HAMBURG (Reuters) - Another 13,500 turkeys have been culled after a suspected case of bird flu was found on another farm in the major German poultry-producing region of Lower Saxony, authorities said on Thursday. The poultry were culled on a farm at Hude, the Lower Saxony state government said. So far only the H5 strain has been identified. Another 77,000 turkeys, chickens and ducks were culled this week after the contagious H5N8 strain was confirmed on four farms in Lower Saxony while 16,000 turkeys were culled after the H5N8 strain was found on a farm in the neighboring state of North Rhine Westfalia. The contagious H5N8 strain has been found in over 500 wild birds in Germany in recent weeks.

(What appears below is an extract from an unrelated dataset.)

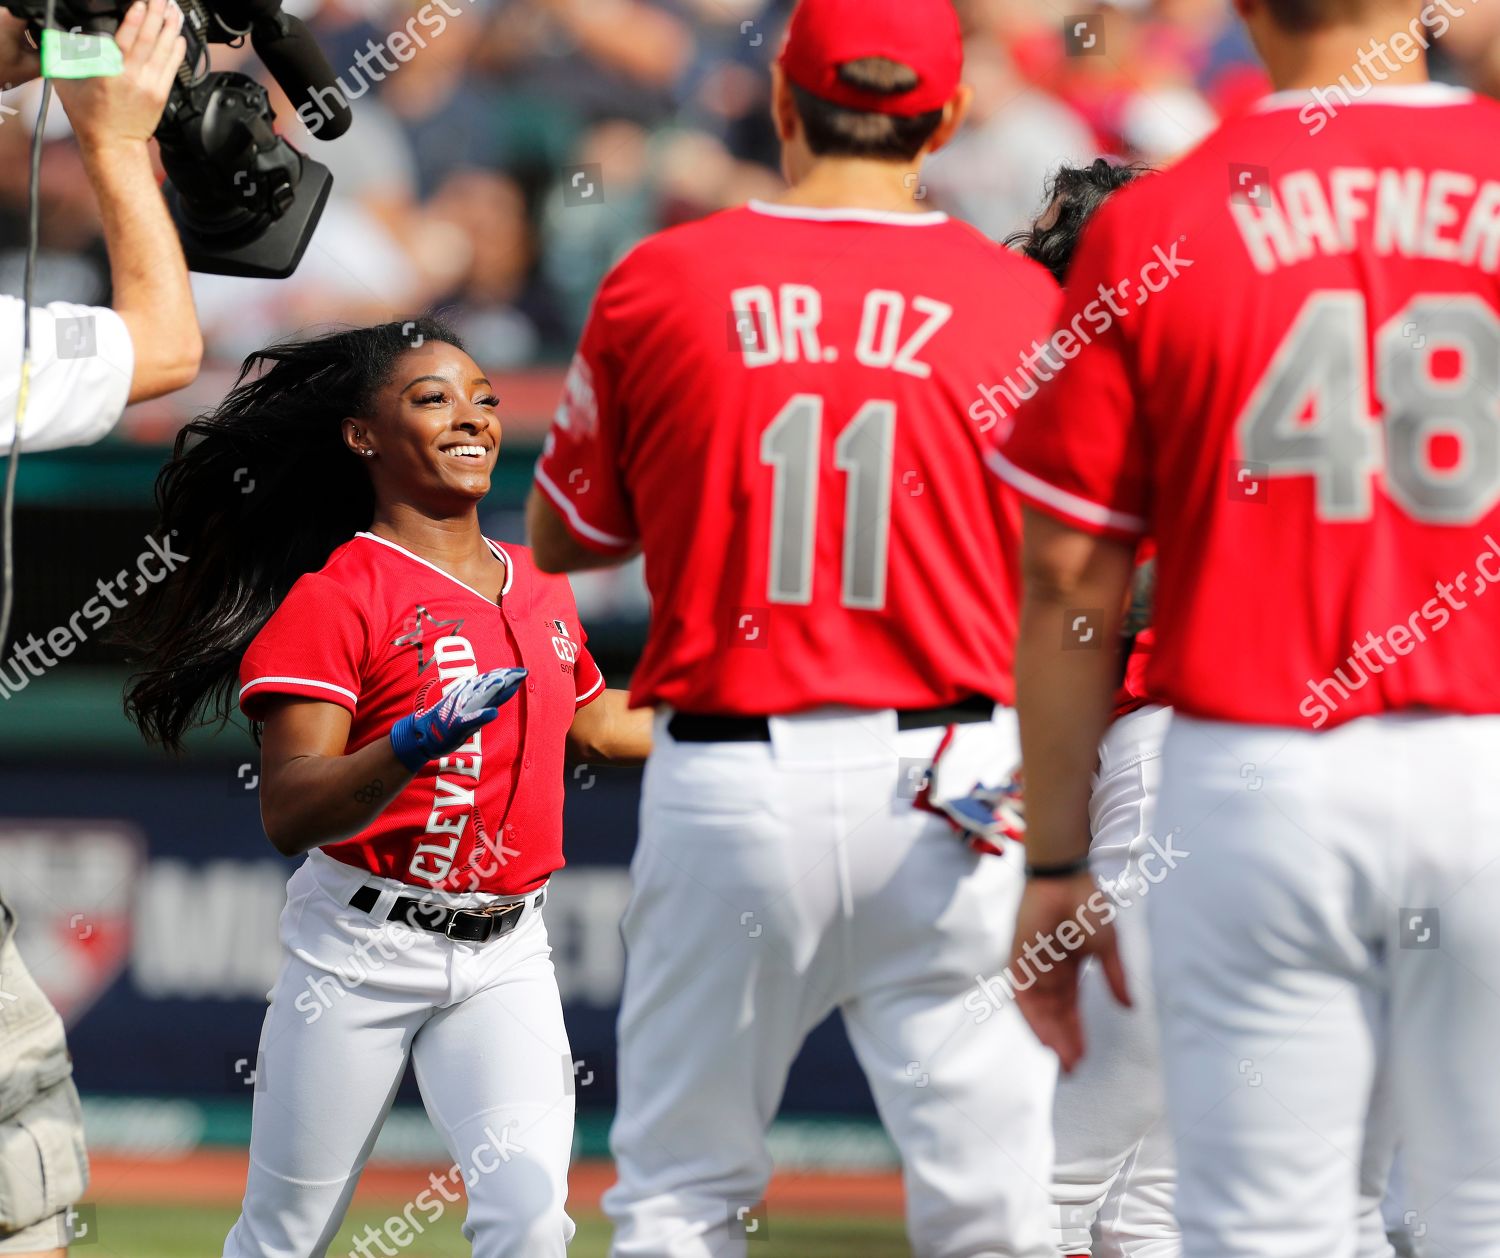 Photos: 2019 MLB All-Star Celebrity Softball Game in Cleveland

Outbreaks on farms have been rare after the government introduced tough sanitary rules to prevent infection by wild birds including orders to keep poultry indoors in high-risk regions. A series of European countries and Israel have found cases of H5N8 bird flu in the past few weeks and some ordered poultry flocks to be kept indoors to prevent the disease spreading. France has widened high risk restrictions to the entire country after the detection of several cases of the H5N8 strain. (Reporting by Michael Hogan; editing by Adrian Croft)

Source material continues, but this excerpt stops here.